Au festival de Berlin, des paroles justes contre l’apartheid et le colonialisme israélien


S’il y a un pays dans le monde qui fait pire que la France par son soutien inconditionnel au fascisme israélien, c’est l’Allemagne. Avec une certaine récurrence, nos voisins semblent vouloir rester du mauvais côté de l’Histoire : l’État jadis responsable de la Shoah choisit désormais de soutenir aveuglément l’État d’Israël, quoiqu’il fasse, même lorsque celui ci commet un génocide.


Le 13 mars 2008, Angela Merkel déclarait que la sécurité d’Israël était, pour l’Allemagne, une «raison d’État», une formule désormais reprise par Olaf Scholz.

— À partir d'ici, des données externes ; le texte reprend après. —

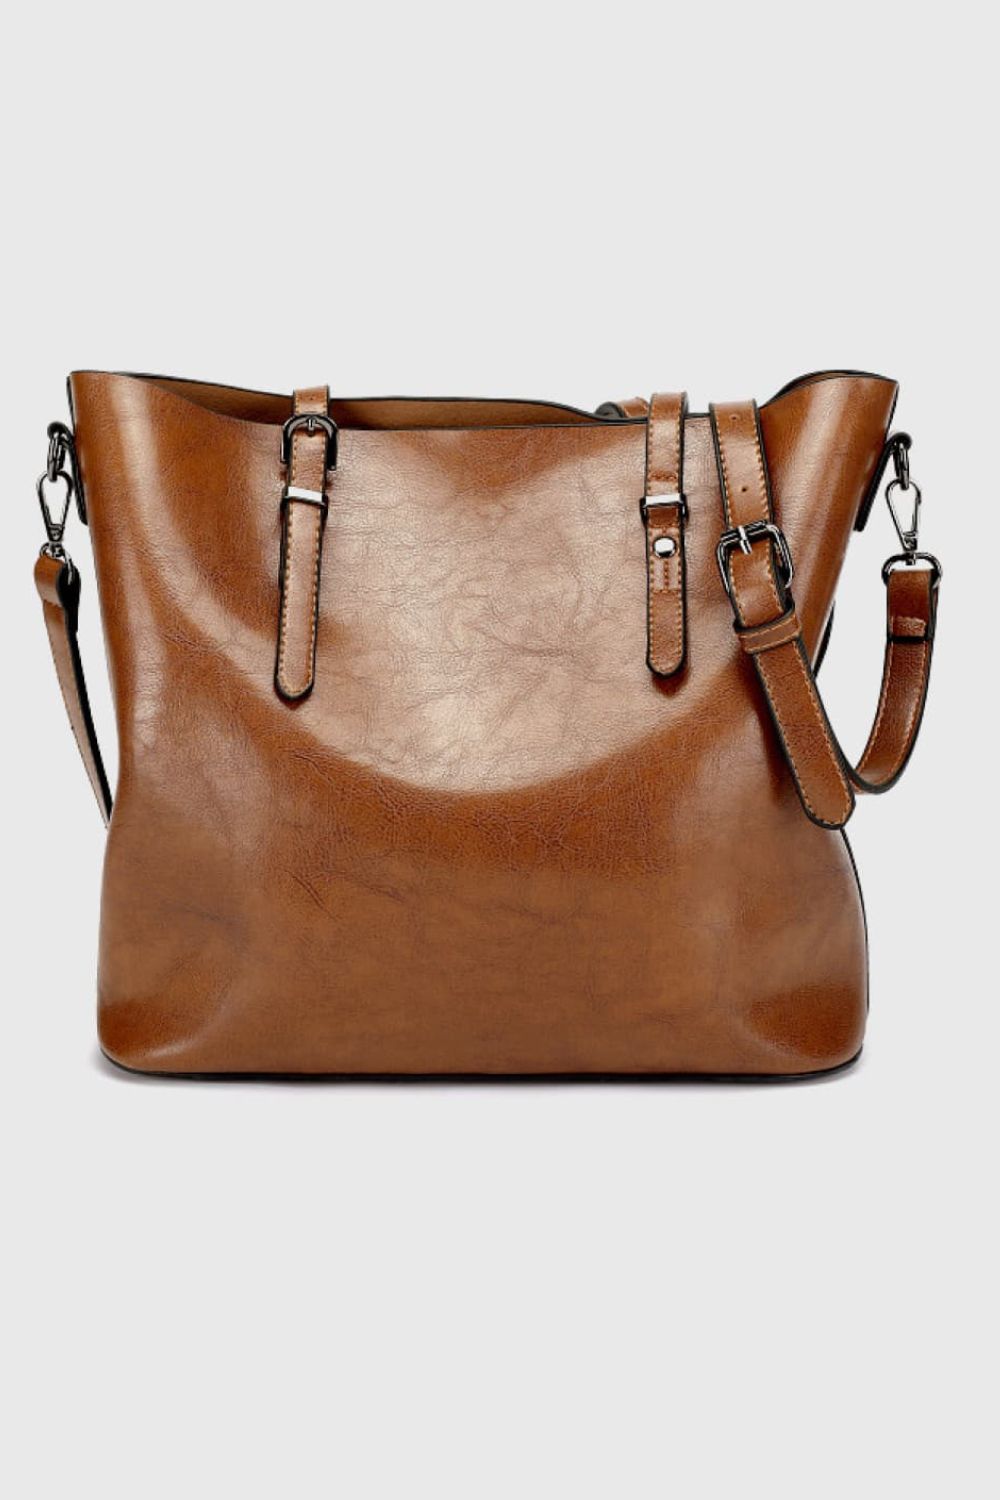 - Brown PU Leather Tote Bag - handbag at TFC&H Co.

Autrement dit, le soutien à Israël passe au-dessus de toutes les autres considérations. C’est ainsi que, depuis 5 mois, toute expression en faveur de la Palestine est traquée en Allemagne, que des associations sont attaquées, des manifestations interdites, des interventions annulées ou punies. Même au sein de la gauche allemande, émettre un doute sur les crimes de guerre israéliens est rapidement considéré comme «antisémite». Les fameux supporters «antifascistes» de Sankt Pauli ont d’ailleurs publiquement soutenu Israël. C’est l’Union Sacrée derrière Netanyahou.

Des voix très courageuses ont brisé cette chape de plomb il y a quelques jours. Samedi 24 février, à la Berlinale, le prestigieux festival de cinéma qui a lieu dans la capitale allemande, une cérémonie était organisée, au cours de laquelle plusieurs cinéastes ont exprimé leur soutien au peuple palestinien. Notamment la réalisatrice et actrice franco-sénégalaise Mati Diop, qui a affirmé sa «solidarité avec la Palestine» en recevant une récompense pour son film Dahomey.

Mais le discours le plus marquant reste celui de Basel Adra et Yuval Abraham, deux jeunes hommes dont le travail commun dessine l’espoir de justice et de paix en Palestine. Ils ont participé à la réalisation collective, israélo-palestinienne, du film No Other Land, à propos de l’expulsion de Masafer Yatta, un territoire palestinien progressivement vidé de sa population par des attaques et des implantations de colonies israéliennes.

«Basel et moi avons le même âge. Je suis israélien, Basel est palestinien. Et dans deux jours, nous allons revenir sur une terre où nous ne sommes pas égaux. Cette situation d’apartheid entre nous, cette inégalité doit cesser» a déclaré Yuval Abraham. Son ami est en effet privé de vote, de se déplacer librement, dans les territoires occupés de Cisjordanie «comme des millions de palestiniens» a rappelé l’artiste.

Basel Adra a quant à lui rappelé sa peine de recevoir ce prix quand ses proches se font massacrer à Gaza, et a supplié l’Allemagne d’arrêter d’envoyer des armes à Israël.

Ces déclarations fraternelles et internationalistes auraient pu susciter un engouement et une vague de solidarité. C’est l’inverse qu’il s’est produit. Les médias et la classe politique, allemands comme israéliens, ont déchaîné leur haine et leurs diffamations contre les deux hommes, qualifiés notamment «d’antisémites».

Yuval Abraham a même été la cible de menaces de mort, visant également sa famille en Israël. Il a révélé quelques jours plus tard qu’une «foule de militants de droite s’est rendue au domicile de sa famille pour le chercher». La «seule démocratie du Proche Orient» selon l’occident est un régime fasciste où les opposants sont traqués et craignent pour leurs vies et celles de leurs proches.